The focus has been on reviewing all our investments and assessing which previously-strong companies might become threatened if the economic slowdown becomes deeper and more prolonged. Principally these are businesses that have exposure to the travel and leisure industries, where demand has ceased as a result of the lockdown and where their secondary or tertiary suppliers might enter financial difficulty. We are fortunate in that our investment philosophy leads us to avoid companies with excessive leverage or those in deeply cyclical industries. Our experience of 2008 means that we are prepared to think the unthinkable and so have sold a small number of the most exposed holdings. Our fixation on liquidity in all we do has meant that we have not had any problems selling where we wanted to. We are now comfortable with our positioning given the present circumstances and we have sufficient liquidity to take advantage of opportunities that will undoubtedly present themselves when we begin to see light at the end of the tunnel.

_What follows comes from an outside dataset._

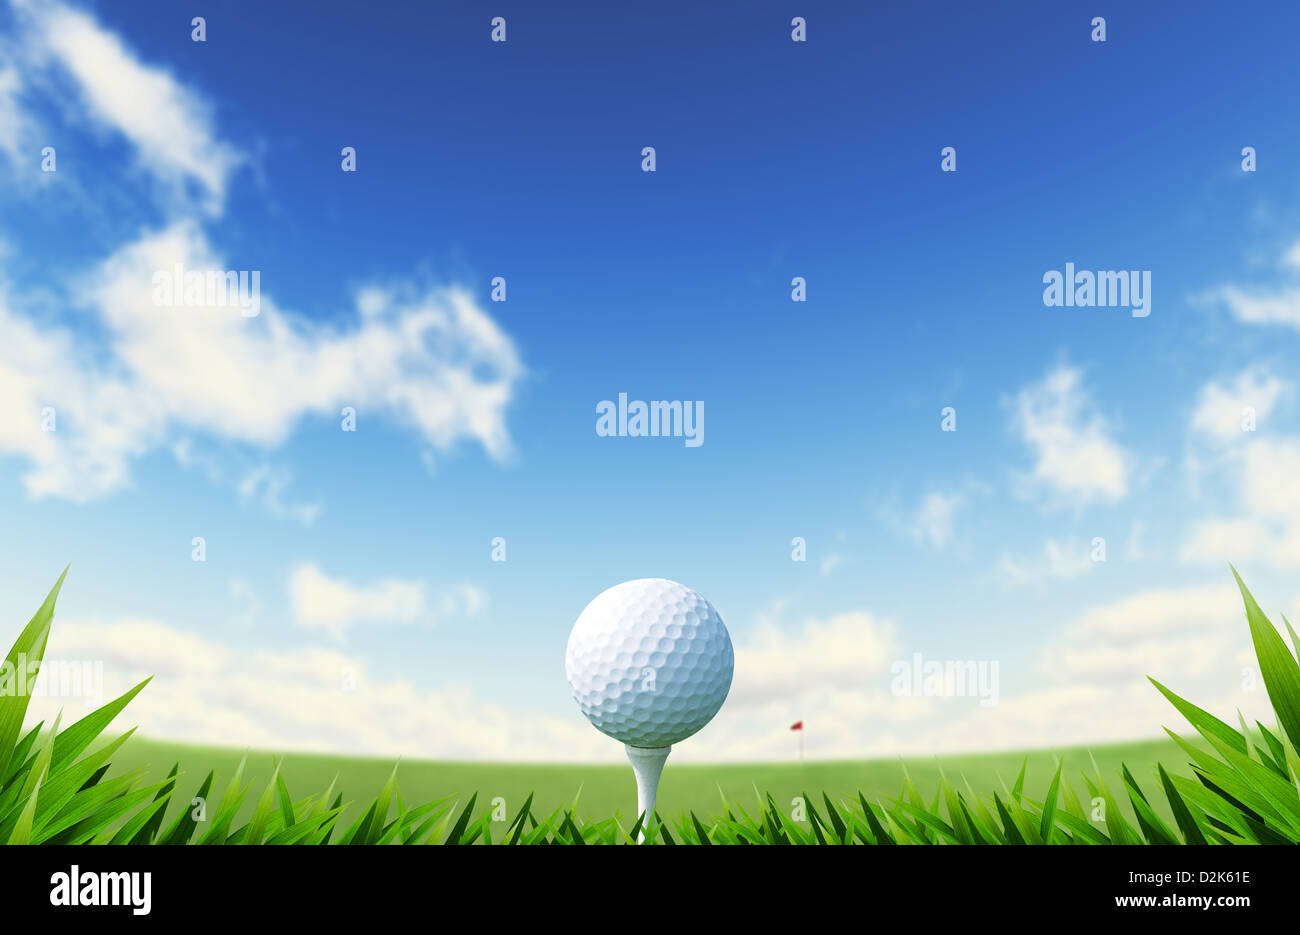 Green Golf-Gericht mit Nahaufnahme auf Rasen und Ball am Abschlag. mit roten Flagge auf einem Abstand und blauer Himmel mit flauschigen Wolken. Stockfoto

It is too early to turn attentions to the longer-term impacts of the current crisis. However, it is clear that it will create permanent changes to government policy and businesses as well as accelerate some trends that were already in place. From an economic perspective, the fiscal cat is out of the bag and with populist leaders in power in many countries the prospect of modern monetary theory (MMT) – crudely the printing of money by central banks to directly finance government spending – becoming reality looks more likely than ever. With governments to pay money directly to support citizens, a universal basic income does not look farfetched.
There will be time in the coming months for us to consider these implications, now our focus is on looking after all our clients and proving safe custodians of their investments.
I hope that you and yours are safe and well.